Der datengierige Big Brother ist inzwischen nicht mehr der Staat, findet Deutschlands oberster Datenschützer, Joachim Jacob. Vielmehr sei es heute die Privatwirtschaft, vor der es die Bürger zu schützen gelte.

Der datengierige Big Brother ist inzwischen nicht mehr der Staat, findet Deutschlands oberster Datenschützer, Joachim Jacob. Vielmehr sei es heute die Privatwirtschaft, vor der es die Bürger zu schützen gelte. Äußerst kritisch äußert sich der Bundesbeauftragte für den Datenschutz über die Machenschaften privater Firmen im Umgang mit persönlichen Kundendaten. "Das Interesse der privaten Wirtschaft an Transparenz und Aufklärung war in den vergangenen Jahren nicht übermäßig ausgeprägt", so Jacob bei der Vorstellung des jüngsten Datenschutzberichts in Berlin.

Die Bürgerinnen und Bürger reagieren nach den Aussagen des Datenschutzbeauftragten immer misstrauischer auf das wachsende Ansinnen der privaten Wirtschaft, möglichst umfassende Sammlungen persönlicher Daten von Kunden zu erhalten. Den meisten Deutschen vermittle der Einsatz von Internet, Handys und Kreditkarten das Gefühl, "immer gläserner, berechenbarer oder manipulierbarer" zu werden. Jacob will jetzt verstärkt auf eine Selbstregulierung der Unternehmen setzen.

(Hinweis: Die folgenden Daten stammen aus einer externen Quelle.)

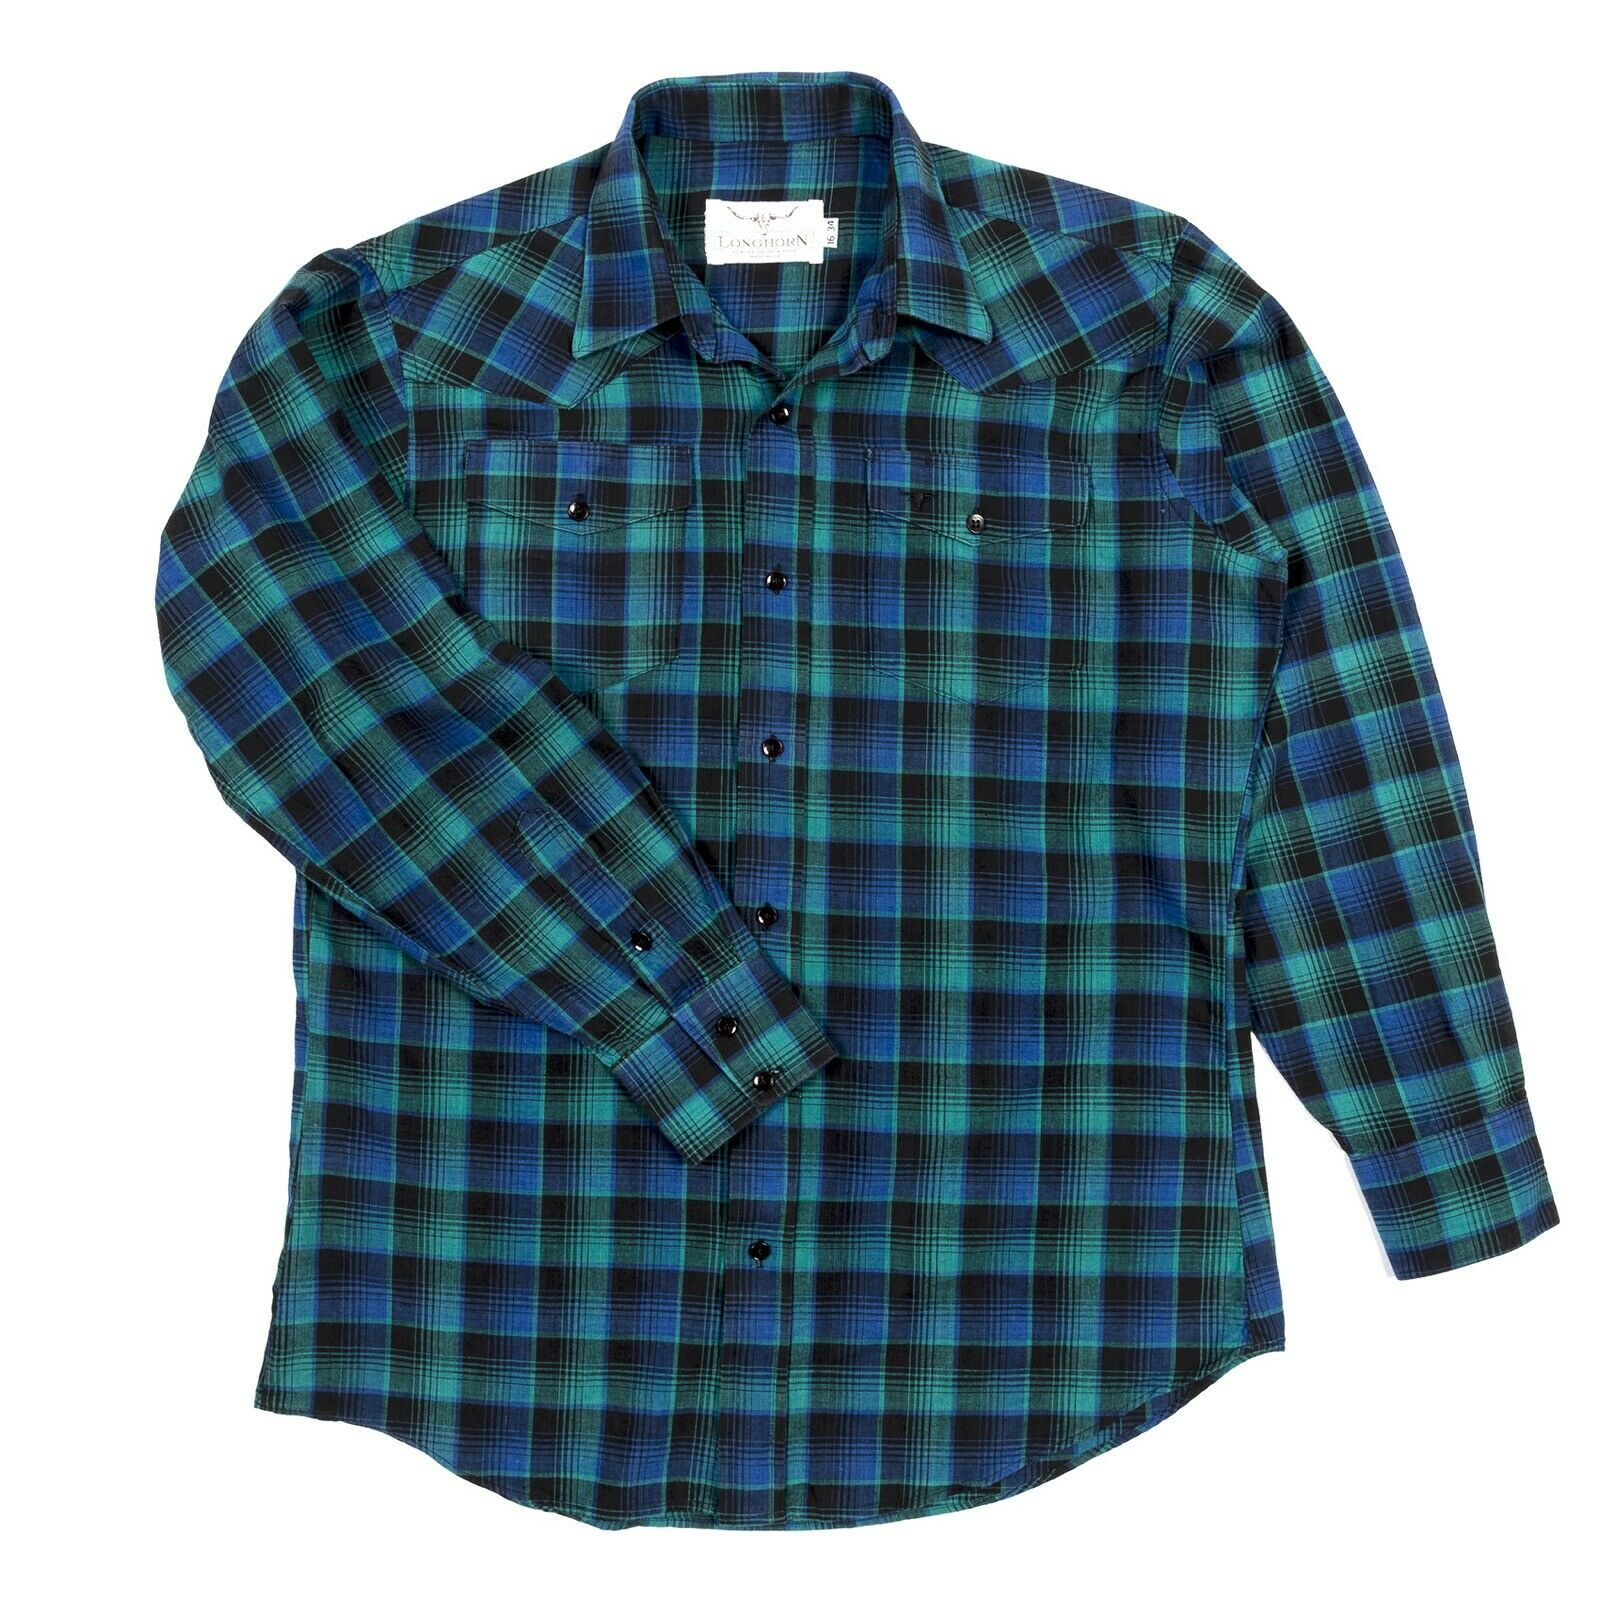 Longhorn River Western Wear Pearl Snap Mens Shirt 16 34 bluee & green plaid NWOT

Allerdings scheint den Bürgern allein mit solchen Regelungen wenig geholfen. "Jeder einzelne muss mehr Verantwortung für den Schutz seiner Daten übernehmen", appelliert Jacob. Dazu gehöre auch, sich mit dem Kleingedruckten auseinander zu setzen. Denn dort finden sich meist die Klauseln, wonach der Kunde mit seiner Unterschrift auch der Weitergabe seiner Daten zustimmt.

Neues Gesetz geplant

Der Staat, der böse Datensammler, dieses Schreckensbild der Liberalen - das war einmal. Diesen Kampf gegen die Obrigkeit haben die Bürger gewonnen, auch dank des Bundesverfassungsgerichts und dem "Recht auf informationelle Selbstbestimmung", mit dem es sie munitionierte. Noch in dieser Legislaturperiode könnte der Triumph kolossal werden. Das Bundesinneministerium arbeitet an einem neuen Gesetz, das den Menschen ein ganz ungewohntes Recht gibt: Statt dass der Staat die Bürger ausforscht, dürfen die Bürger den Staat ausforschen. Lesen Sie auch zu diesem Thema: Der gläserne Surfer Das Gesetz hat noch keinen Namen, aber große Vorbilder. In den USA zum Beispiel ist es der so genannte Freedom of Information Act (FOIA). Gemeint ist damit ein selbstständiges Auskunftsrecht gegenüber staatlichen Einrichtungen. Auch in einigen EU-Ländern gehört es zum Alltag, sogar in Deutschland. Berlin, Schleswig-Holstein und Brandenburg verfügen über solche "Informationsfreiheitsgesetze". Der Bund will nun zumindest in Sachen Bundesbehörden vorangehen. Eva Schmierer vom Bundesinnenministerium gibt zu, dass die Länder mit Anträgen bislang "keineswegs überrannt worden sind". In Kiel waren dagegen sogleich die örtlichen Scientologen zur Stelle, um zu wissen, was über sie gespeichert war. Ansonsten geht es den Leuten um Baupläne, Statistiken, Schulangelegenheiten oder Vergabe von öffentlichen Aufträgen.

Vor allem Letzteres ist für Gewerbetreibende interessant. "Hier dürften einige Anfragen zu erwarten sein", sagt Werner Schmidt, Sprecher des Bundesbeauftragten für Datenschutz, der künftig übrigens Bundesbeauftragter für Datenschutz und Akteneinsicht heißen soll. Der im Bieterverfahren unterlegene Konkurrent kann sich künftig über die Motive für den Zuschlag der Behörde schlau machen, zumindest so weit sie aktenkundlich sind. Schmidt: "Der Druck auf die Behörden nimmt allein schon deshalb zu, weil sie wissen, dass ihr Handeln zusätzlich von der Öffentlichkeit kontrolliert werden kann." Das Vorhaben soll damit auch ein Stück Korruptionsbekämpfung sein.

Das neue Recht gilt nicht schrankenlos. Nach Angaben des Innenministeriums muss das Begehr begründet sein, "nur so" gibt es die Auskunft nicht. Die größte Befürchtung der Gegner des Vorhabens hat sich nach Auskunft Schmierers zumindest in den Ländern nicht bewahrheitet. "Die Querulanten bleiben zuhause", sagt sie. Einige Verwaltungsexperten hätten sie "wie Heuschrecken" in die Behörden einfallen sehen. Im Bundesgesetz wird vorgebaut: Die Akteneinsicht gibt es nicht umsonst. Wer etwas wissen will, muss zahlen.